Legged robot explained
Legged robots are a type of mobile robot which use articulated limbs, such as leg mechanisms, to provide locomotion. They are more versatile than wheeled robots and can traverse many different terrains, though these advantages require increased complexity and power consumption. Legged robots often imitate legged animals, such as humans or insects, in an example of biomimicry.[1] [2]
Gait and support pattern
Legged robots, or walking machines, are designed for locomotion on rough terrain and require control of leg actuators to maintain balance, sensors to determine foot placement and planning algorithms to determine the direction and speed of movement.[3] [4] The periodic contact of the legs of the robot with the ground is called the gait of the walker.

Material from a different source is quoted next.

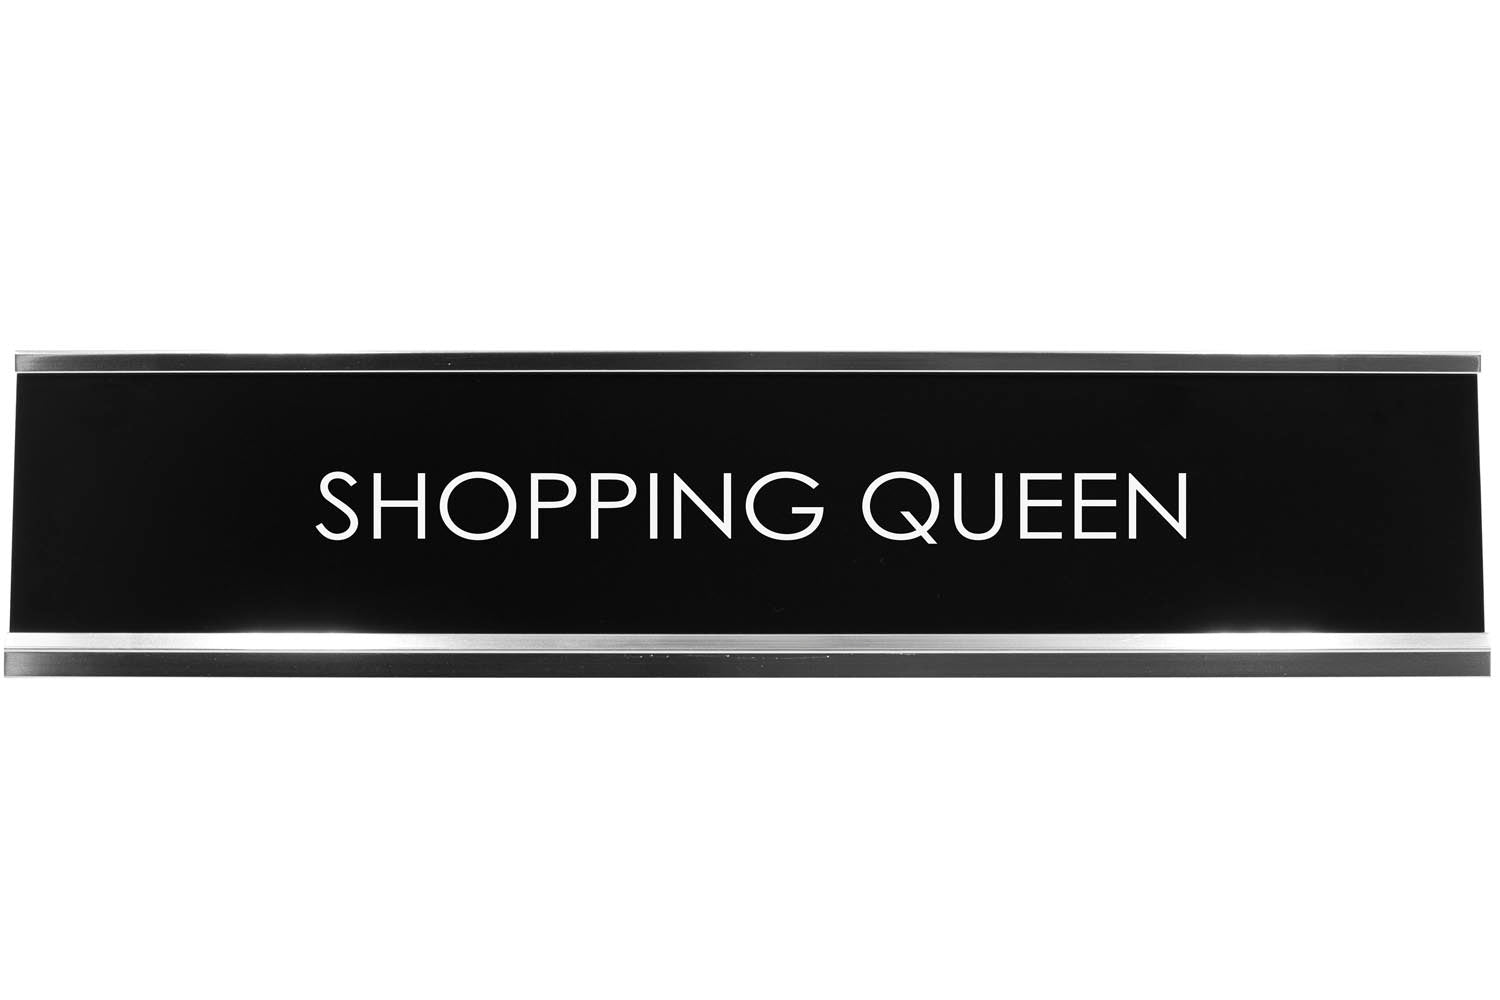 Shopping Queen Novelty Desk Sign

In order to maintain locomotion the center of gravity of the walker must be supported either statically or dynamically. Static support is provided by ensuring the center of gravity is within the support pattern formed by legs in contact with the ground. Dynamic support is provided by keeping the trajectory of the center of gravity located so that it can be repositioned by forces from one or more of its legs.[5]
Types
Legged robots can be categorized by the number of limbs they use, which determines gaits available. Many-legged robots tend to be more stable, while fewer legs lends itself to greater maneuverability.
One-legged
One-legged, or pogo stick robots use a hopping motion for navigation. In the 1980s, Carnegie Mellon University developed a one-legged robot to study balance. Berkeley's SALTO is another example.
Two-legged
See main article: Humanoid robot and Chicken walker.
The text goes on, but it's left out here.